- [GOAL OF THE EXERCISE]:
Without the pictures, write the listing out again exactly as it appears.

*** Opening RECORDED INFORMATION ***

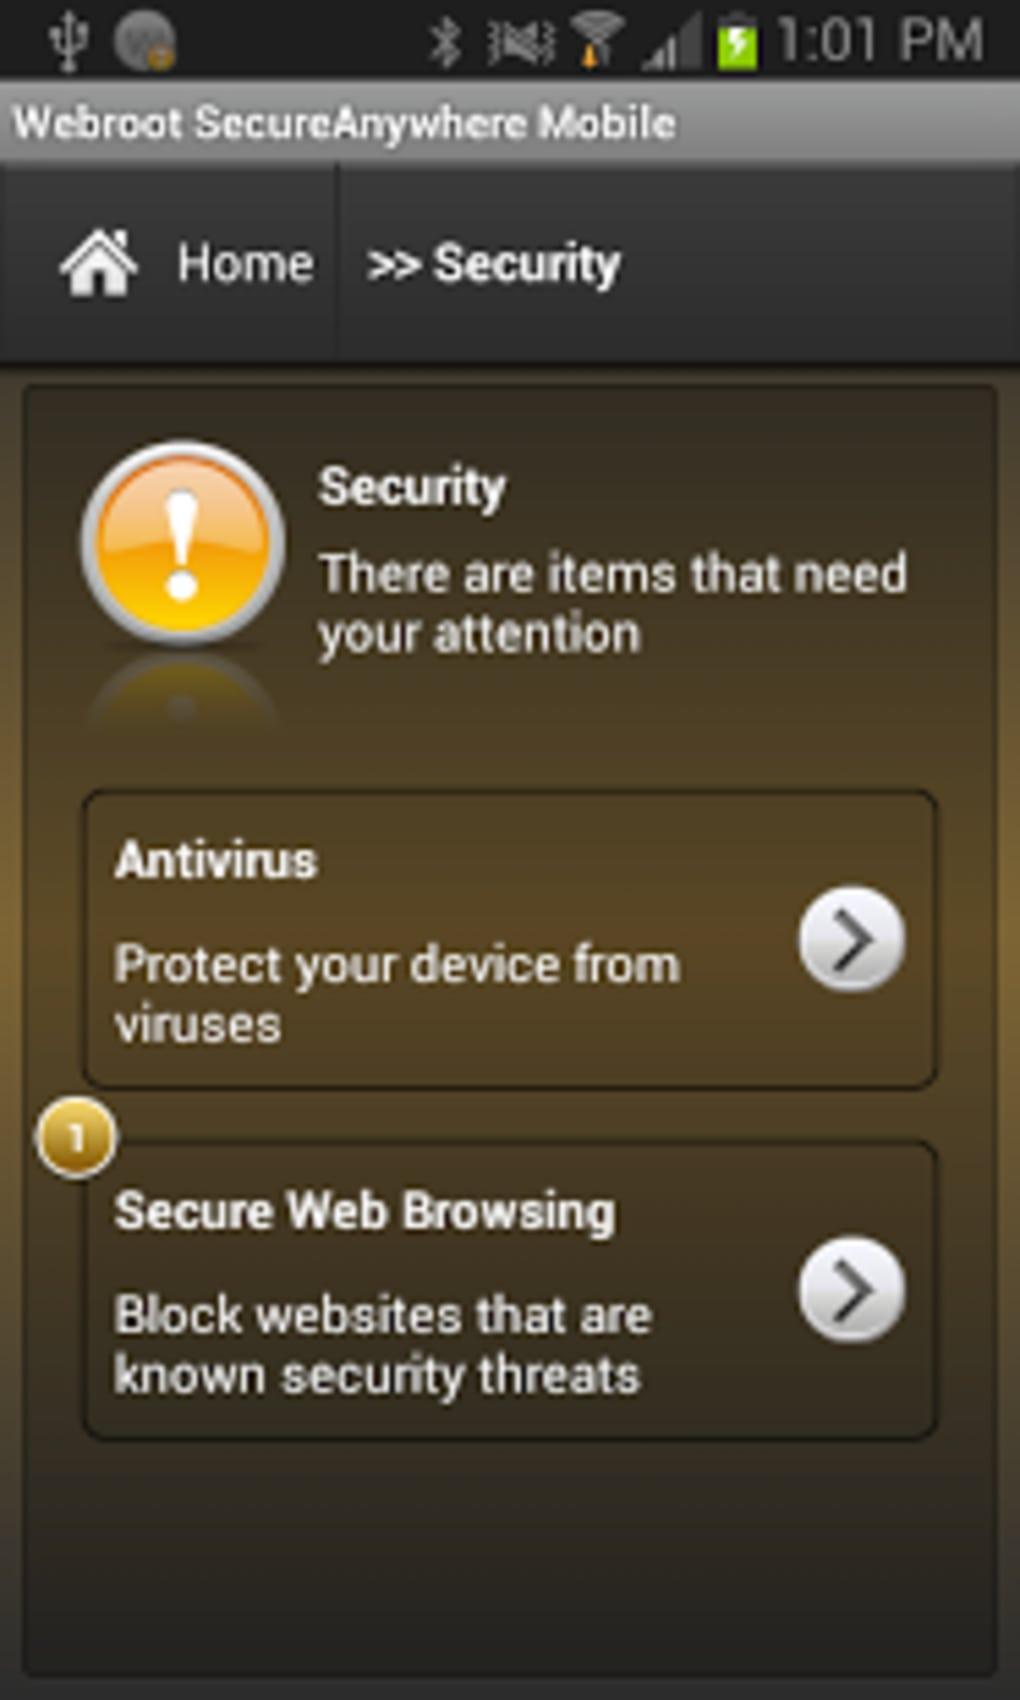 webroot antivirus free download
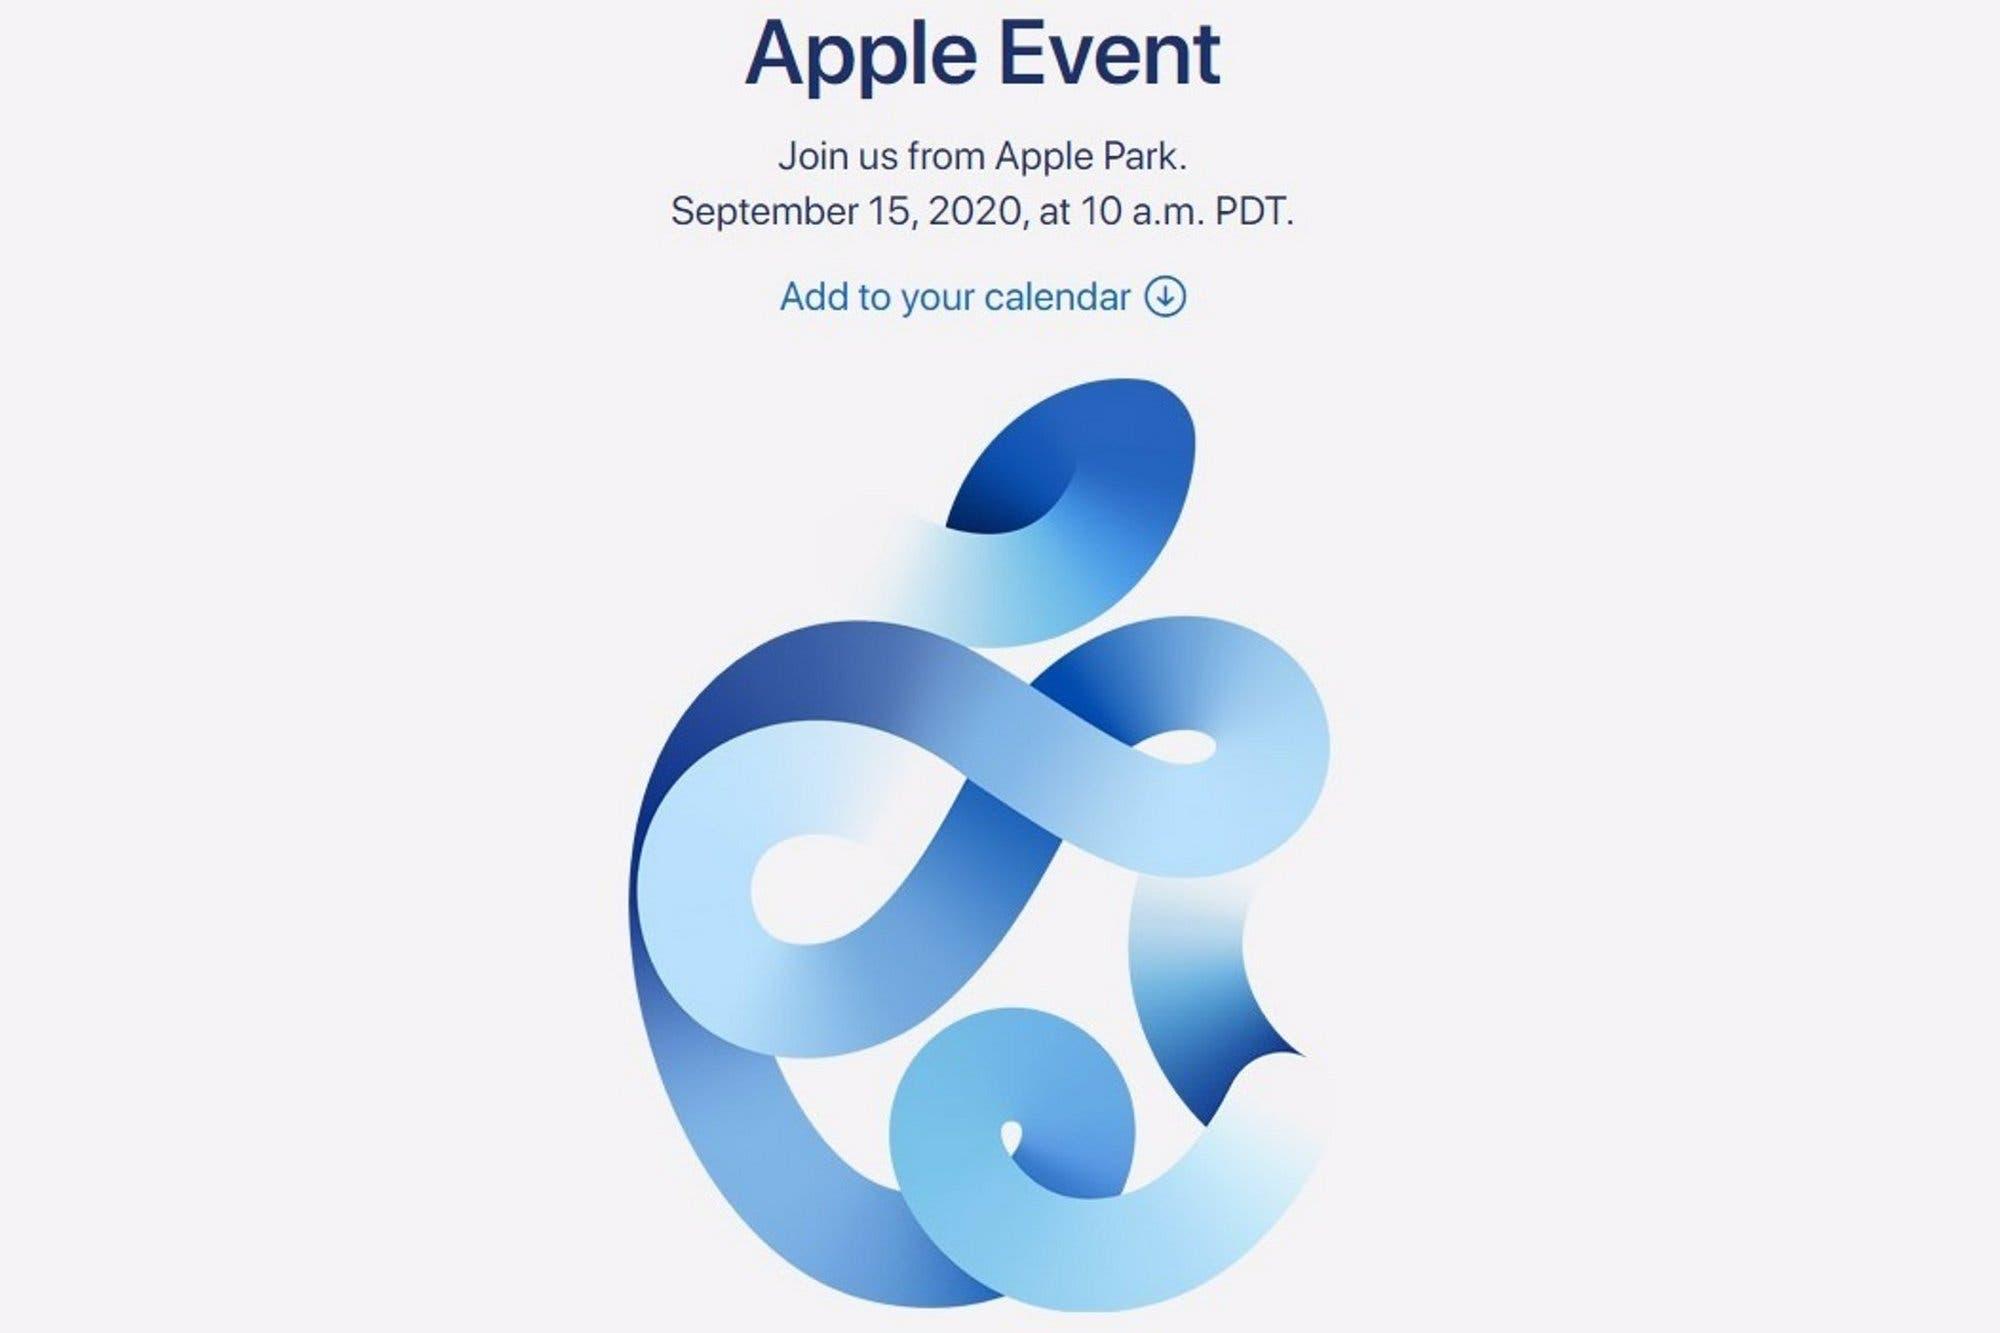 Nuevo iPhone: Apple anuncia su evento de lanzamiento para el 15 de septiembre
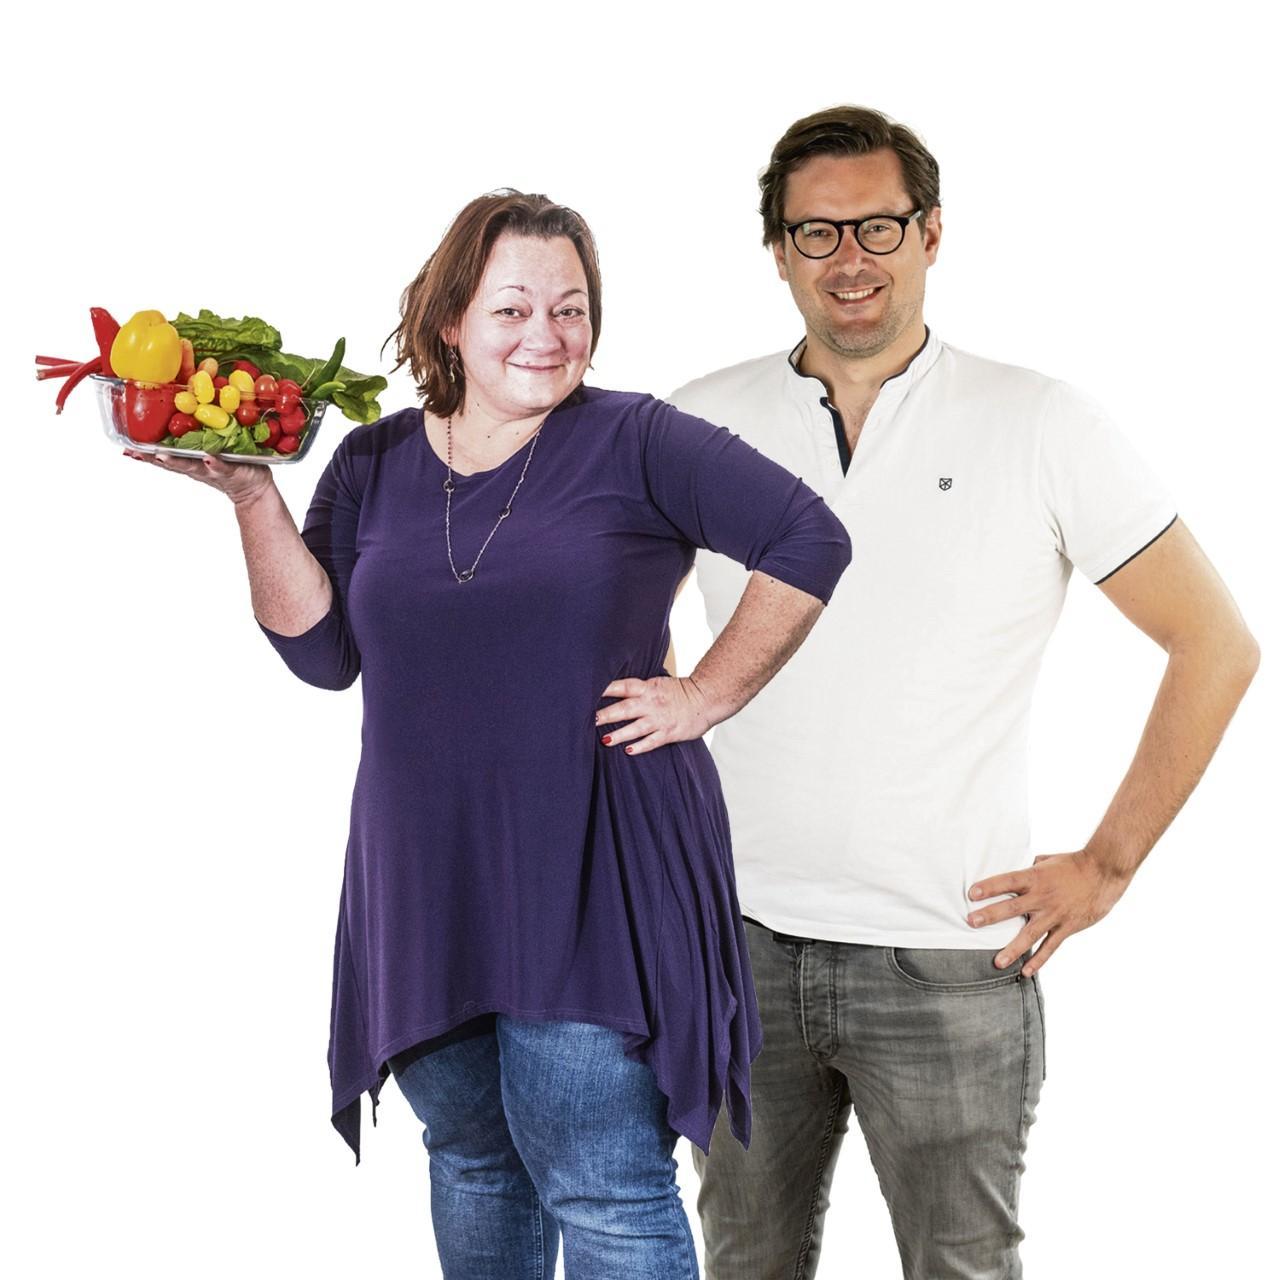 Redacteuren Lydia en Roy gaan minder vlees eten. 'Liever kattenvoer,' zegt hij en kwat zijn vegetarische minifrikandel in de prullenbak (aflevering 2)

*** Closing RECORDED INFORMATION ***

- [FINISHED EXERCISE]:
 webroot antivirus free download
 Nuevo iPhone: Apple anuncia su evento de lanzamiento para el 15 de septiembre
 Redacteuren Lydia en Roy gaan minder vlees eten. 'Liever kattenvoer,' zegt hij en kwat zijn vegetarische minifrikandel in de prullenbak (aflevering 2)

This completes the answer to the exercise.